> _Problem description_: Skip the pictures and write out, word for word, the lines below from the one with "Leset Short Sleeve Button Down - Black" through the one with "Historic Clifton Suspension", inclusive.

> _Raw data_:
-------------------------
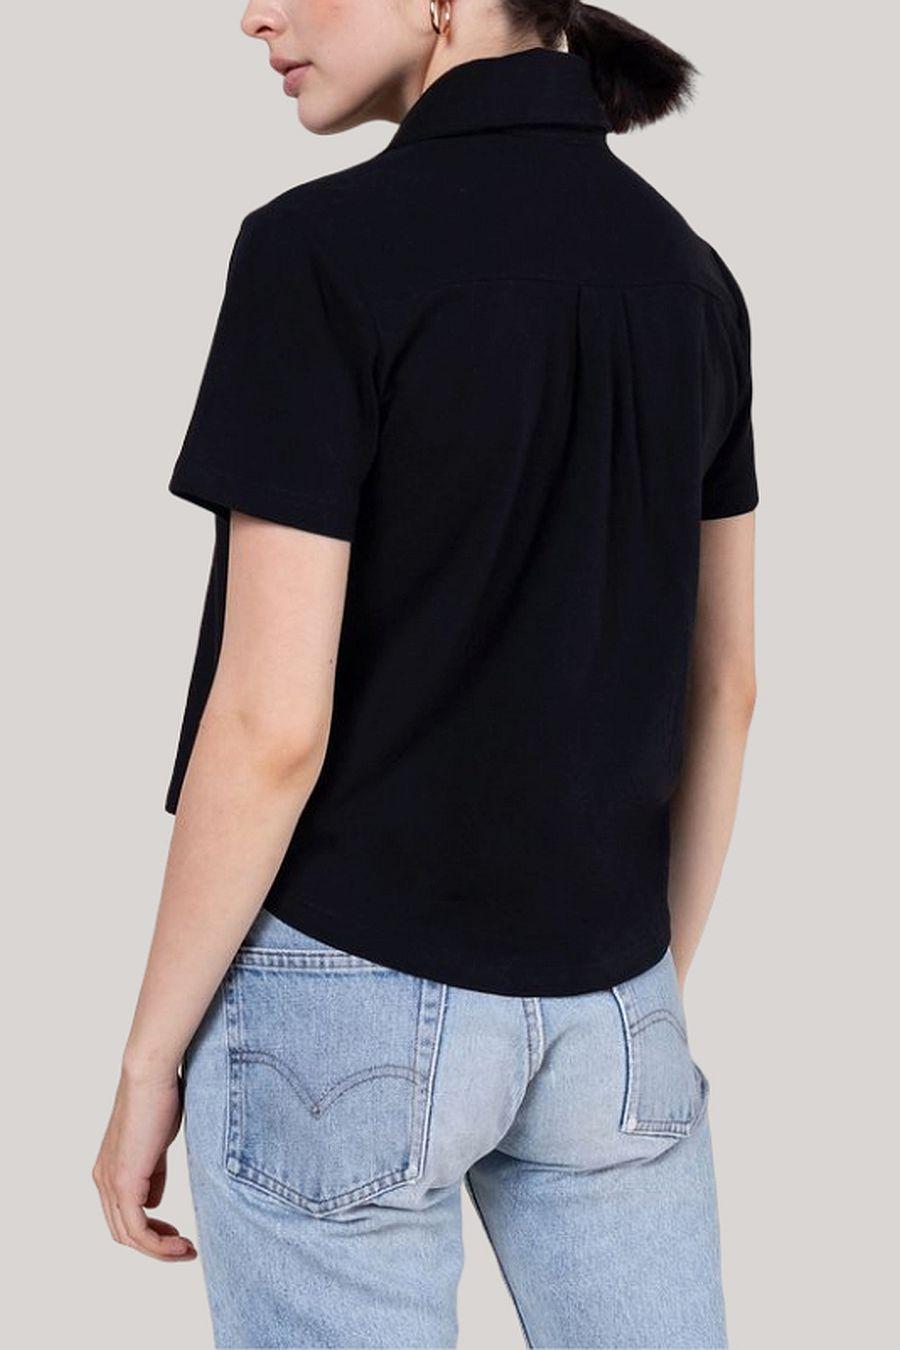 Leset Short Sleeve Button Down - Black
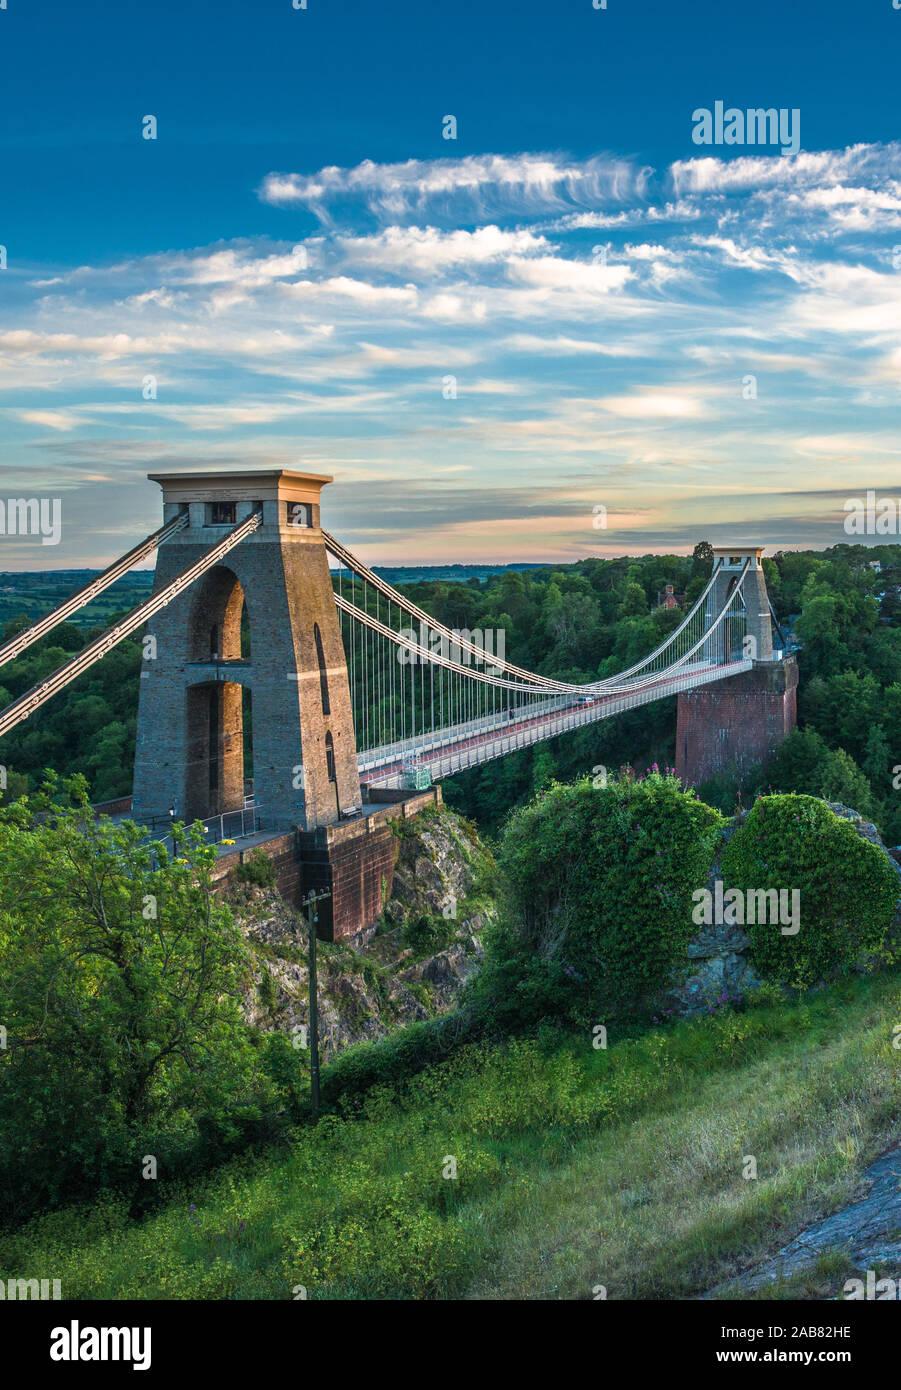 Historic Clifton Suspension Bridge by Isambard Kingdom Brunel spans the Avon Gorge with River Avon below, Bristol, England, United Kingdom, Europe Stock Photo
-------------------------
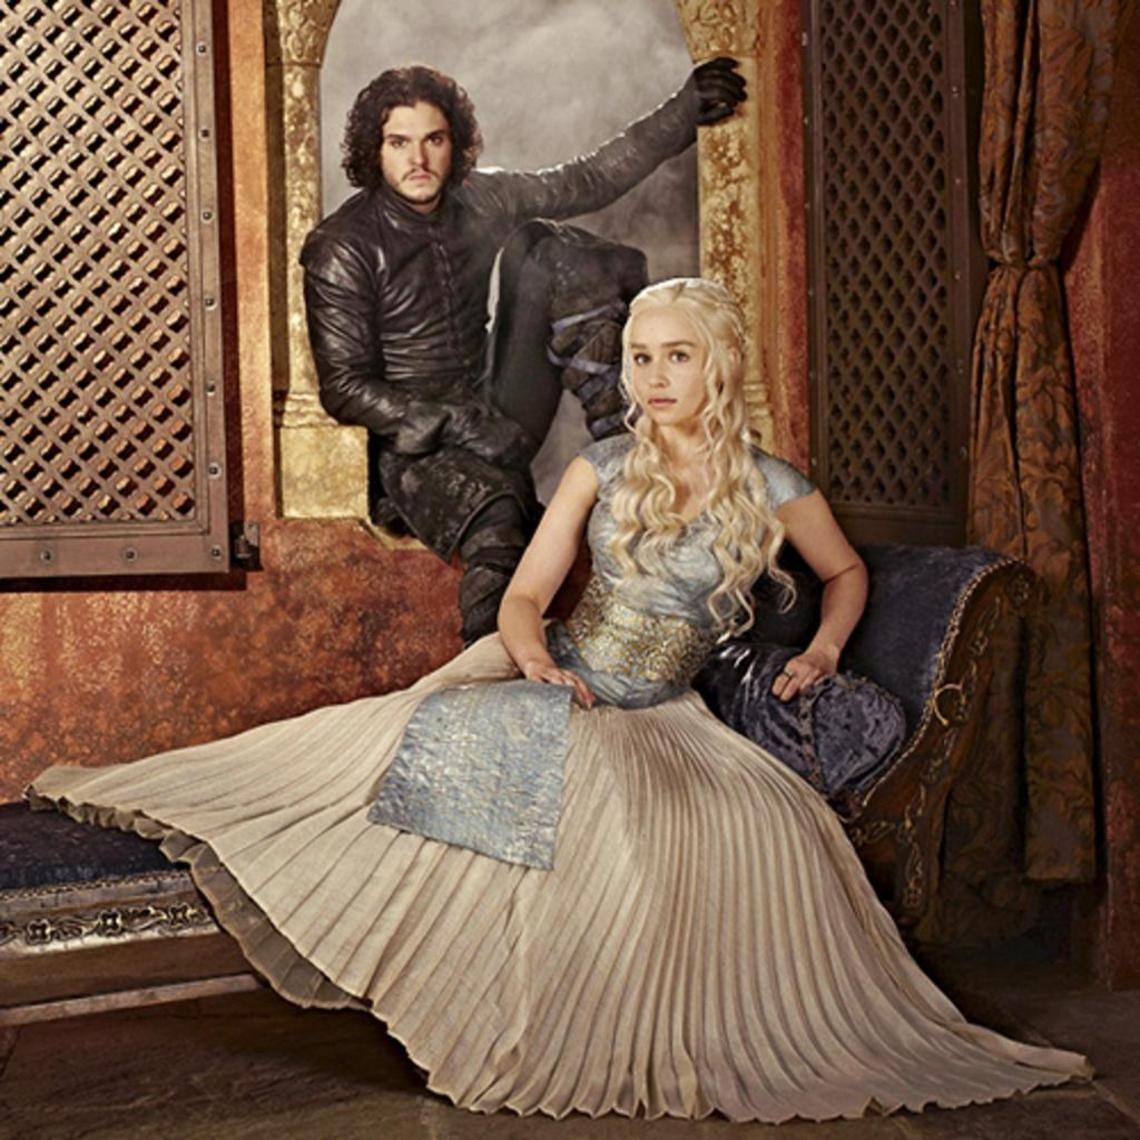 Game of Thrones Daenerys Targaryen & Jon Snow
-------------------------
> _Reply to the exercise_:
 Leset Short Sleeve Button Down - Black
 Historic Clifton Suspension Bridge by Isambard Kingdom Brunel spans the Avon Gorge with River Avon below, Bristol, England, United Kingdom, Europe Stock Photo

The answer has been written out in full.